Sunday, February 19, 2023

Nerrivik: We Should Be Known As Goddesses

 


 

Goddess of the Sea provides fish for Inuit. She is the goddess of fisherman and hunters.   There is a story that goes with Nerrivik, and, although, like many of the Goddess stories, it is not a pretty story, but has great meaning.

One time, a long time ago, a bird (well, he was a magical bird as you will see) fell in love with a woman.  He searched the icy areas for a seal skin coat because men look so handsome in seal skin coats.  He had very bad eyes and could not see very well so the search took a long time.  But his love for the woman urged him on. 

He found a walrus tusk and made himself some goggles so he could see great and look great.  The kind of glasses he made were called goggles against snow blindness. 

Donning the coat and the goggles, he set off in the shape of a man.  He hurried to her village and wooed her until she succumbed to this fine looking man in his fine coat and walrus rims.  He took her to his home and began catching seal for her to eat.  One day, not long after they arrived home, he was clumsy and knocked his goggles off. 

Well, when the wife saw his bad eyes she wept because she felt he could not be a good provider with such weak eyes.  Besides, he no longer looked as handsome to her.  She wept and he laughed at her and put his goggles back on. 

One day, right after this happened, her brothers came to visit the sister they missed.  Her husband was out hunting.  They found their sister weeping and so they took her home with them before he got back. They put her in their round seal-skinned umiak and paddled off. 

When the bird man got home and found her gone, he thought she had been kidnapped.  He set out to find her.  The wind howled and the snow flew.  He threw off his sealskin coat and decided to fly to find her.  He was so terrified for her and so angry, that the flap of his wings were thunderous and caused such a winter storm that it was a frightening thing to anyone who might have been out on the sea. The bird man caused such a storm that the umiak almost tipped in the waves.  

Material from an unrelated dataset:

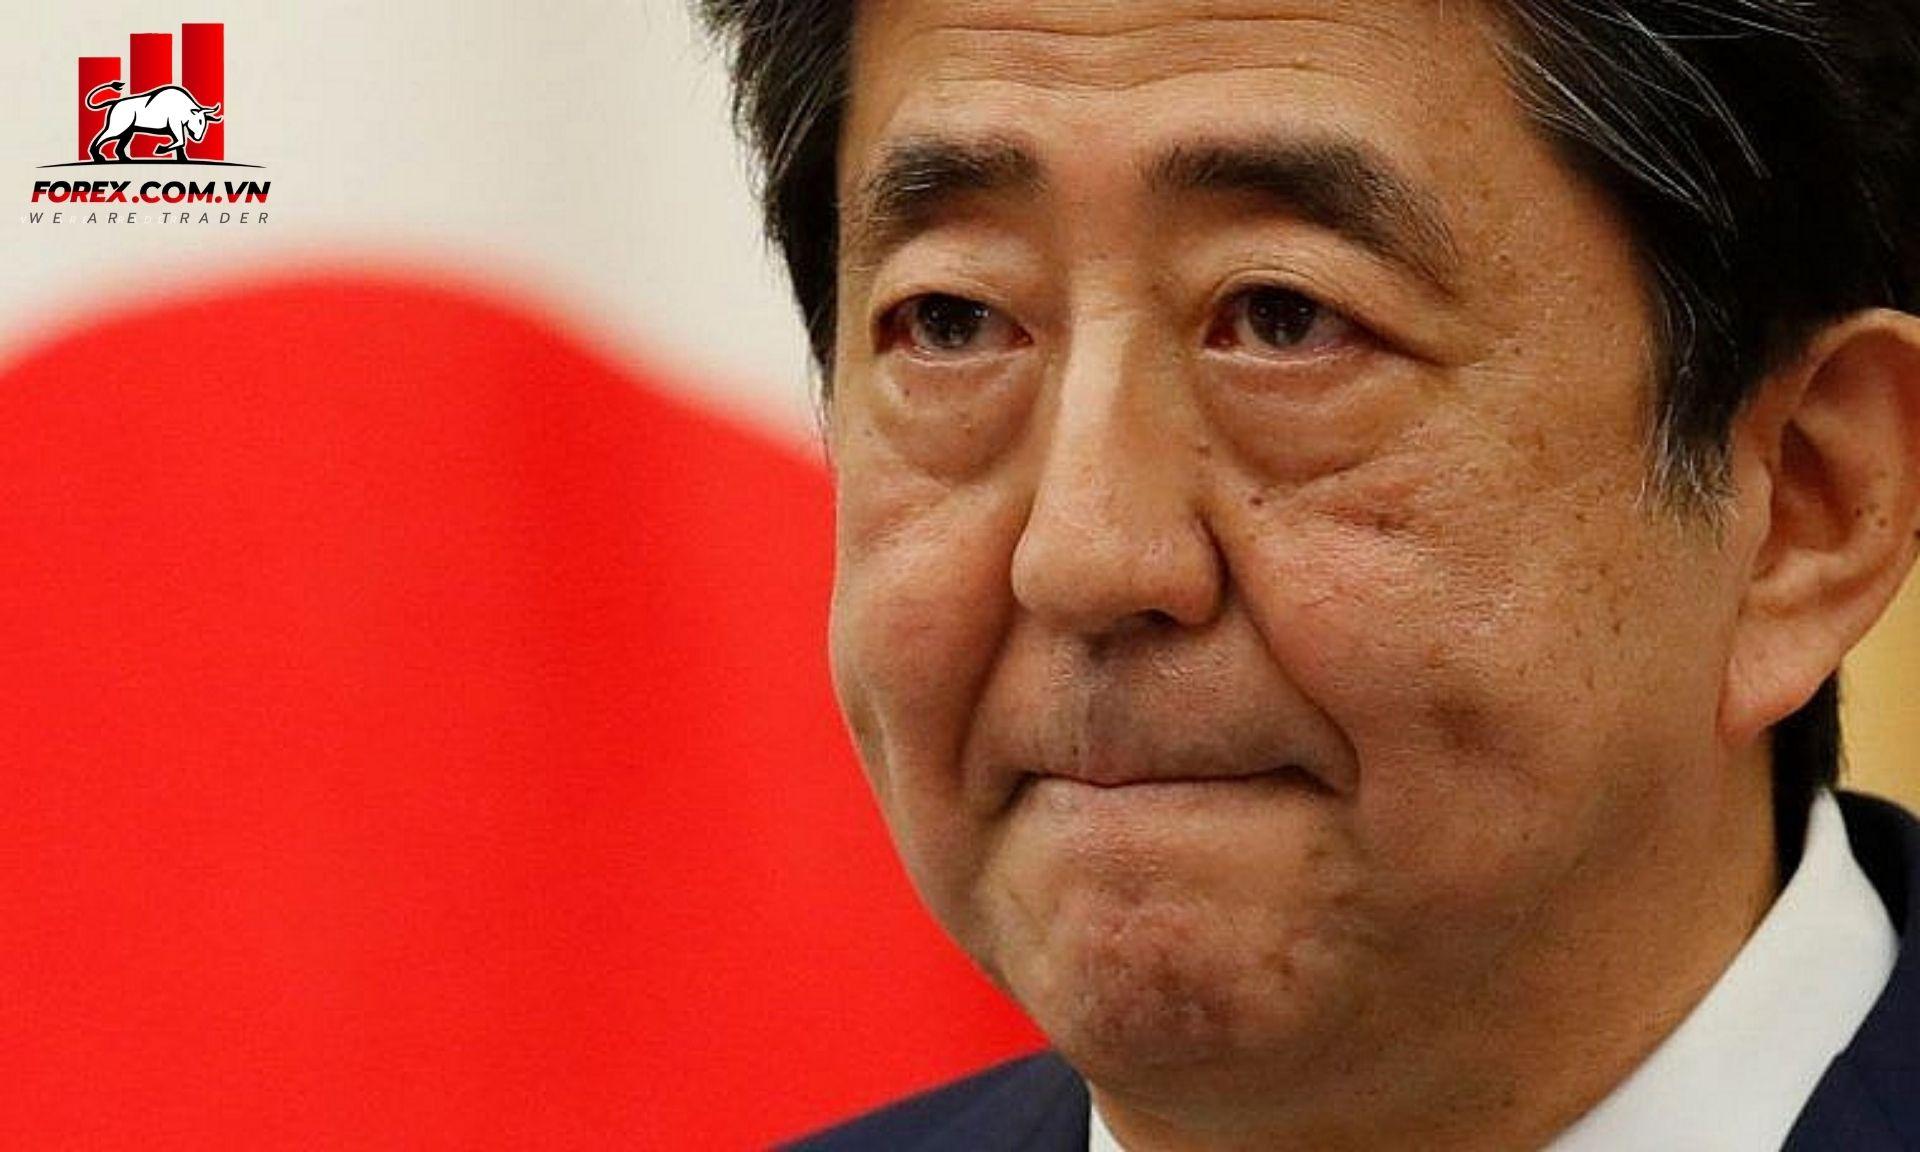 Thủ tướng Nhật Shinzo Abe đệ đơn từ chức

The brothers, who were quite a few, finally decided that their sister was the cause of the storm.  They picked her up and threw her into the foaming sea.  She sunk in all her warm skins and she cast them off and was able to reach up and catch the rim of the round boat with one hand.  But, the brothers were ever afraid and the oldest brother, so sur she was the cause of the storm, used his curved knife and whack off the hand she was holding on to the boat with. 

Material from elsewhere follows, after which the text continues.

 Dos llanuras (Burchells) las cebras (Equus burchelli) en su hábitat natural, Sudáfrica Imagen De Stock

And, so, she was drowned but as she sunk to the bottom of the sea, she turned into Nerrivik.  She was so pitiful, and beautiful and strange, that the sea people made her their goddess.  She had only one hand so she could not comb her long beautiful hair.  The sea people did that for her to honor her.  We still think of ‘mermaids’ combing their long hair, right?)  She helped everyone live in harmony and the people, to this day honor her.  They believe it is her who sends the seals and other large sea people to them for food.  

Another name we know Nerrivik by is “Sedna” and there are many many stories about her in the far North.  This goddess teaches us about Providence, about nature, and about providing things of water, of things in water that were learned to be food.  It is said she gave birth to fishes and seals and whales and polar bears.  In Alaska, in the original cultures, the people feast when giving out whale meat and there are dances to celebrate those lost to the sea during the last year.  It is their way of giving thanks.

We, too, must remember where our food comes from.  We must honor those that give their lives to sustain us.  Have fish today.  (In fact, if you can get a small bowl for goldfish, etc., it is a good thing for every time you feed it, it is honoring the goddess.)

We do not know when we will go, or how, but we have to know, wherever it is will be awesome and we never know, maybe we will be remembered as a goddess.  We should be.